On the sexual double standard

Opinion by Sabrina Medler
Feb. 21, 2017, 12:13 a.m.

Stanford frosh are constantly advised to experience the quirkiness that reverberates throughout campus in full-throttle. Most upperclassmen will tell you the best parts of their freshmen year were when they went all out — getting a tattoo during their San Francisco dorm scavenger hunts, completing Bingo boards during Full Moon on the Quad or perhaps finding the perfect contenders for Screw Your Roo(mmate). As a freshman, I have had the pleasure of participating in all of these wacky traditions and more. However, another tradition that I recently experienced — Secret Snowflake — exposed some real issues regarding gender dynamics, despite being completely hilarious at first glance.

The game Secret Snowflake allows players to pick which “tier” — one, two or three — that they would like to receive a dare for. Tier one dares typically fall on the softer side — like speaking in a British accent for the remainder of the night — while tier three dares almost always involve borderline nudity or extremely obscene acts.  

When it came time for our dorm’s event, I was taken aback by the blunt categorical differences. Out of the approximately 40 people who participated, approximately 10 vouched for tier one, about 20 for tier two and another 10 for tier three. On the surface, this doesn’t seem too surprising — it makes sense that most people fall in the middle ground. However, upon closer examination, I realized that every member of tier one was female while every member of tier three was male.  

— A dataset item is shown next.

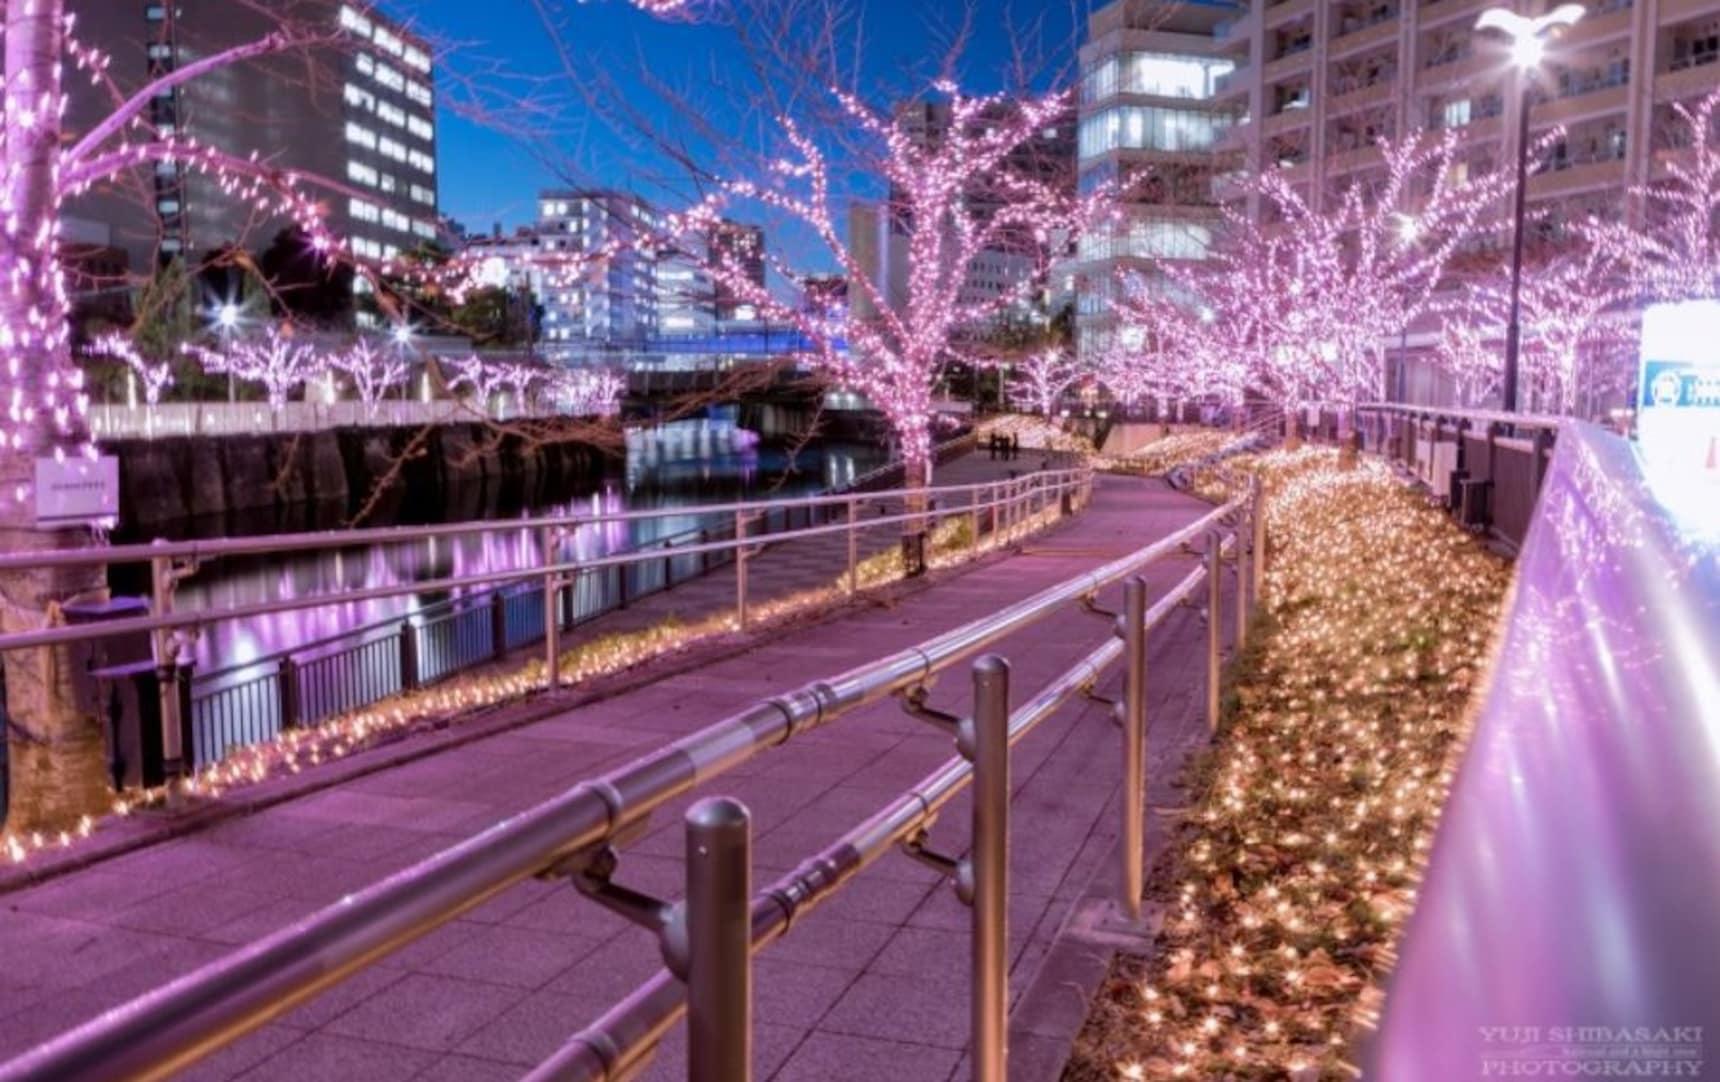 Catch a Glimpse of 'Sakura' in the Winter

At first, this was upsetting. Of course I wanted to see more girl-power in the risky category. However, when it came down to observing the dares that were assigned, I realized why these categorical differences were so stark. Every male in the tier three category had an overtly sexual dare — wrestling in only boxer briefs while covered in caramel, donning solely one sock (to be worn wherever most advantageous) while performing lengthy lap dances or even re-enacting both sides of a porn scene. Although these images will most definitely never leave my scarred mind, I can’t deny that they were inherently comical. Regardless of how crazy the dares were, the entire room constantly erupted with laughter during the tier three round.  

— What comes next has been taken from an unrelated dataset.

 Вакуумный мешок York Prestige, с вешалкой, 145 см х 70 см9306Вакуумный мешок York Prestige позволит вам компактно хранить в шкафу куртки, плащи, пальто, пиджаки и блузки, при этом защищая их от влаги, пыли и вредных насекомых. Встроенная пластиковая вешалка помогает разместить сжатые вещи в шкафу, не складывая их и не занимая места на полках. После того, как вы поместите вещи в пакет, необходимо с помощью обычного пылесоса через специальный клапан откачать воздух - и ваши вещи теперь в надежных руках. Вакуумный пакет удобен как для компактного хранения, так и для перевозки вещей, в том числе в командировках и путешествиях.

However, in a much-needed Secret Snowflake debrief, some residents and I considered how the dorm would have reacted if the said tier three members were female. Imagine a scantily-clad girl lying on the ground, reenacting the aggressive moans from a porno. Any way you spin that, that is still an X-rated image, considerably less funny than a similar act from a male counterpart. Over and over, we evaluated the outcomes of each of the tier three dares had they been completed by women. Still, something about female sexuality just seemed more taboo.

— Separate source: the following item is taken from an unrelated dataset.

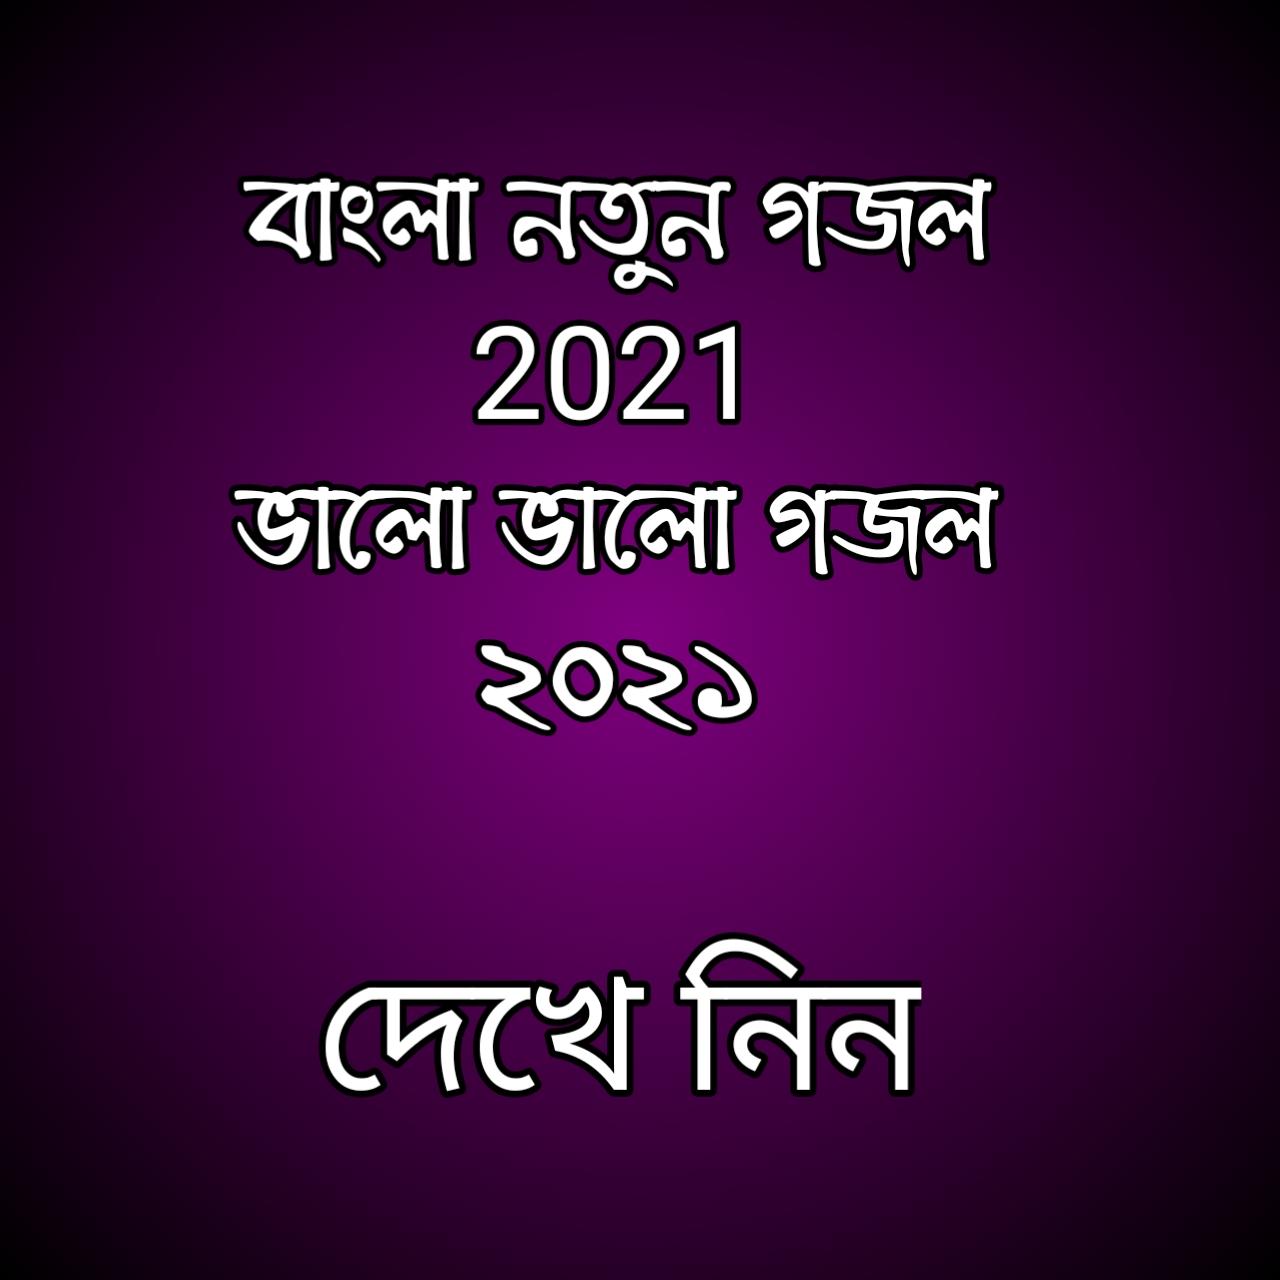 বাংলা গজল 2021, ভালো ভালো গজল ২০২১, গজল নতুন ২০২১, গজল 2021

Nevertheless, tracing this specific example to contemporary ways of thinking regarding female sexuality helps explain the disparity. The fact is that if a girl participated in a traditional tier three dare, she’s likely to be deemed a “slut.” Slut-shaming refers to stigmatizing a woman for engaging in promiscuous behavior. Because women are conditioned to believe that their sexuality is not to be embraced through concepts as outdated as purity certificates and as pervasive as terms like the “Walk of Shame,” they may not be as willing to put themselves out there at the risk of unfair judgement. Yet, paradoxically, women are constantly encouraged to be sexy in order to be perceived positively from men. Therefore, grappling the fine line between sexy and slutty proves to be an impossible balancing act. As Leora Tanenbaum, author of “I Am Not A Slut,” wrote, “This is the essence of the sexual double standard: Boys will be boys, and girls will be sluts.”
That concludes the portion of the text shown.